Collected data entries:
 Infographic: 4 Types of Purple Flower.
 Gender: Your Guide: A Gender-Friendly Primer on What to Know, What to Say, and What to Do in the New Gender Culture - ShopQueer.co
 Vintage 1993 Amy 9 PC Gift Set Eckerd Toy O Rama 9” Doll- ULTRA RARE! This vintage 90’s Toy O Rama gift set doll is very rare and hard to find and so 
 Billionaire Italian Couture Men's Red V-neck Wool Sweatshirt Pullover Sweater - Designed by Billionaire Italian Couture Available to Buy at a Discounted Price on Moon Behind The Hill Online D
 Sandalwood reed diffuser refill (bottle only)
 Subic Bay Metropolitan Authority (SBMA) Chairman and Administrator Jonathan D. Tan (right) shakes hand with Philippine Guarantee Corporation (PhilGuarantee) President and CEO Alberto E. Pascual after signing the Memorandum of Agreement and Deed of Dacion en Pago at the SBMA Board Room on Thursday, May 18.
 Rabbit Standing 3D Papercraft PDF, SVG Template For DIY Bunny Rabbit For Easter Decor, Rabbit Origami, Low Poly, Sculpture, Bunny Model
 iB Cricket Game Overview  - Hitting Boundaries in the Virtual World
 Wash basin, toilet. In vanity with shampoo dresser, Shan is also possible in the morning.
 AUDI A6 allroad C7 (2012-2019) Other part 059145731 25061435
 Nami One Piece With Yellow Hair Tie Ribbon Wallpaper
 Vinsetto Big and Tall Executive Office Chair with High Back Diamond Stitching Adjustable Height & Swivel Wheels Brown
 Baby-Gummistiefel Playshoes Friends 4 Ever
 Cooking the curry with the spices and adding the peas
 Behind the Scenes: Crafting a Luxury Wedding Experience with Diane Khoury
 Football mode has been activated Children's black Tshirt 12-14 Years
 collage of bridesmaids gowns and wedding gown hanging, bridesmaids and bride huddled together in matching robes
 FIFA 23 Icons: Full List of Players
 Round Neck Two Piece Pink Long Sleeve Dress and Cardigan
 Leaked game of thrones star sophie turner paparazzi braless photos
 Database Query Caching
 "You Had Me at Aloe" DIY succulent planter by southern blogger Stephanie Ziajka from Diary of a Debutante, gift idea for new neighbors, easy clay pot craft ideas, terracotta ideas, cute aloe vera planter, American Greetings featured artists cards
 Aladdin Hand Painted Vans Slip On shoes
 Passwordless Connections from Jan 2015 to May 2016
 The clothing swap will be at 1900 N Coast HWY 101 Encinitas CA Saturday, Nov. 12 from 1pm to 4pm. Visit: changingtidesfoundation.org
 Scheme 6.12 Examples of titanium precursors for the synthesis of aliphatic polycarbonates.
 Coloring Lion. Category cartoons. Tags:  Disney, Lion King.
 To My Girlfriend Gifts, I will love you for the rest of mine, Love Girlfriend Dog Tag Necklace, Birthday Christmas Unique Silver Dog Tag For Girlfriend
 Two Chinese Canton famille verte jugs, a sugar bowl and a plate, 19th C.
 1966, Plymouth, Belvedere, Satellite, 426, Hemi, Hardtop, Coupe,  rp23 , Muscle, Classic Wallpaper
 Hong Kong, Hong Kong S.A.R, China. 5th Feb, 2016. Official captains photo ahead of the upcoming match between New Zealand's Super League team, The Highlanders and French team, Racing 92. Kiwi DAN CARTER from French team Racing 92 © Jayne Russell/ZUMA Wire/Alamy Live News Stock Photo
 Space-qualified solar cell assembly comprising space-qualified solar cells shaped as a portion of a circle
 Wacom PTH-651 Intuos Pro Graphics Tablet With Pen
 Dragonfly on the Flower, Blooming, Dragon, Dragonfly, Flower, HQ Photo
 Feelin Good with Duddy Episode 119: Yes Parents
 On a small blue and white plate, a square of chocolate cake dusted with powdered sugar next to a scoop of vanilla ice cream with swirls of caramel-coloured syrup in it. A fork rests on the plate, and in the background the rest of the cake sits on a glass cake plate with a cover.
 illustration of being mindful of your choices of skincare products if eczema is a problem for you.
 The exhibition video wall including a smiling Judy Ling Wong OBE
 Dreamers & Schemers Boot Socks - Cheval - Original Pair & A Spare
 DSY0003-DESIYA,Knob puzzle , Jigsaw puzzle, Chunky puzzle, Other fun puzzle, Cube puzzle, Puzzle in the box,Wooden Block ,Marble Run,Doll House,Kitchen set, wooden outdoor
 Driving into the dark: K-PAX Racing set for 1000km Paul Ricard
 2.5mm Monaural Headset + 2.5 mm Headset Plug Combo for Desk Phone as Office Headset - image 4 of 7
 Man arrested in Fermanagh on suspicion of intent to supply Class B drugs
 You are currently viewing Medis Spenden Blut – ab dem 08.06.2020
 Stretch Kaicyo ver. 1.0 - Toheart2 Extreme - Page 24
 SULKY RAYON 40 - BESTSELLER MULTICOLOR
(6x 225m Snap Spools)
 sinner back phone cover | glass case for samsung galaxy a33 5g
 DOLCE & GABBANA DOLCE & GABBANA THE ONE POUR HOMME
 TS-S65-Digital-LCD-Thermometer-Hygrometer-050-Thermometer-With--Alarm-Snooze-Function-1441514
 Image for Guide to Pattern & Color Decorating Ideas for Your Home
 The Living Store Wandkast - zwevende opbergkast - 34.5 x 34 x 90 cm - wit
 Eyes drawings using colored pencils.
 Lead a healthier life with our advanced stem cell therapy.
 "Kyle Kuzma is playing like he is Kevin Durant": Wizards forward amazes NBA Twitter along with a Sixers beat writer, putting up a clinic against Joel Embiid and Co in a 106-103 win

• _Work instruction_:
From the line containing "sinner back phone" down to the last line of the data above, copy every line exactly; leave out all other lines.

• _Worked solution_:
 sinner back phone cover | glass case for samsung galaxy a33 5g
 DOLCE & GABBANA DOLCE & GABBANA THE ONE POUR HOMME
 TS-S65-Digital-LCD-Thermometer-Hygrometer-050-Thermometer-With--Alarm-Snooze-Function-1441514
 Image for Guide to Pattern & Color Decorating Ideas for Your Home
 The Living Store Wandkast - zwevende opbergkast - 34.5 x 34 x 90 cm - wit
 Eyes drawings using colored pencils.
 Lead a healthier life with our advanced stem cell therapy.
 "Kyle Kuzma is playing like he is Kevin Durant": Wizards forward amazes NBA Twitter along with a Sixers beat writer, putting up a clinic against Joel Embiid and Co in a 106-103 win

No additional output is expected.